Gauteng Care Crisis Committee triumphs in court battle against Department of Social Development

Gauteng Care Crisis Committee triumphs in court battle against Department of Social Development
Gauteng Premier Panyaza Lesufi, 22 February 2024. (Photo: Gallo Images / City Press /Tebogo Letsie) Lisa Vetten, research associate of Wits University’s Southern Centre for Inequality Studies. (Photo: Chris Collingridge) Mbali Hlophe, Gauteng MEC for Social Development. (Photo: Gallo Images / OJ Koloti)

With vital services to Gauteng’s most vulnerable hanging in the balance, the Gauteng Care Crisis Committee has turned to the courts to push the Department of Social Development into action.

The Gauteng Care Crisis Committee (GCCC) achieved a significant milestone in its legal confrontation with the Gauteng Department of Social Development regarding the funding delays crisis.

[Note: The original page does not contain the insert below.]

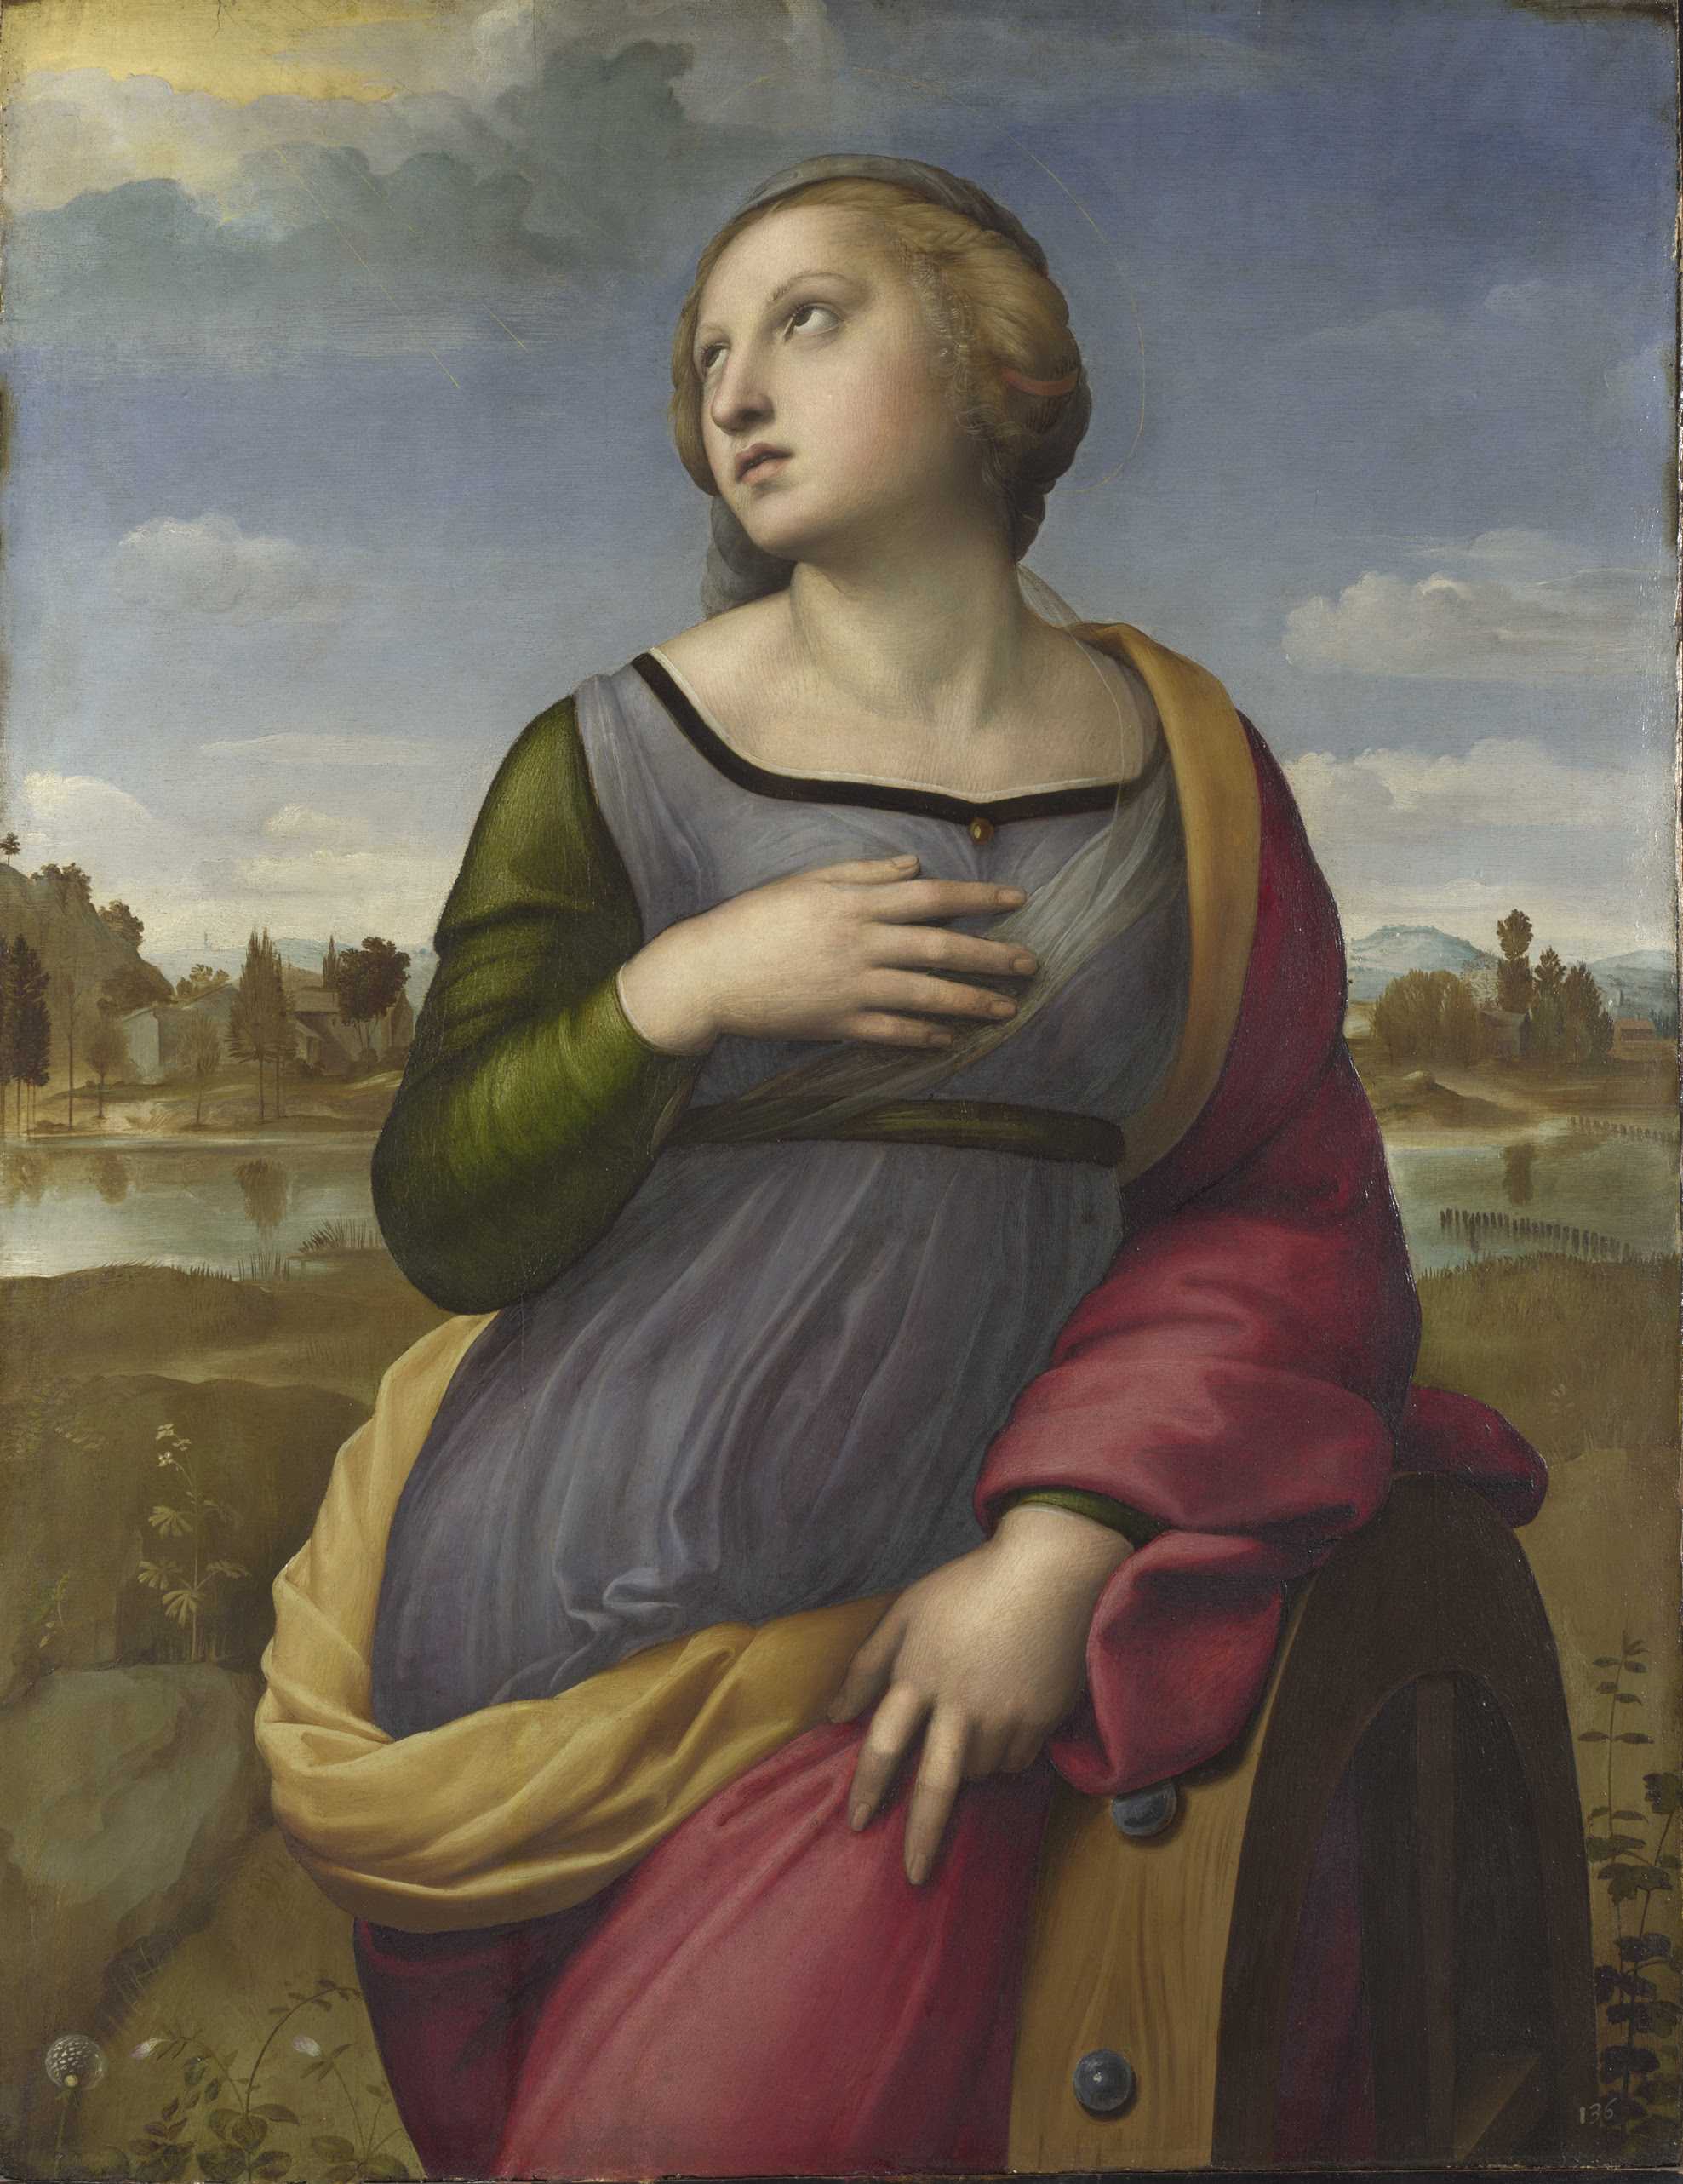 Raphael, Saint Catherine of Alexandria, about 1507 © The National Gallery, London

Representing 62 social care nonprofit organisations (NPOs), the committee pursued legal action in the Johannesburg High Court on Wednesday with an urgent application.

In court, the GCCC contended that this order is crucial to ensure the department concludes what has been a protracted and disorderly process for organisations delivering social services to vulnerable individuals across the province. These include child and youth centres, women’s shelters, and residences for individuals with severe disabilities.

Since the start of the financial year, various organisations have yet to receive confirmation that they will be funded for the financial year. Other organisations have had to close, some have scaled backed on the services they offer, and several organisations are in precarious financial positions.

The urgent application was to compel the department to promptly finalise the evaluation of applications submitted by the NPOs. Additionally, GCCC sought an order requiring the department to notify successful applicants of its decision within seven days after the court order.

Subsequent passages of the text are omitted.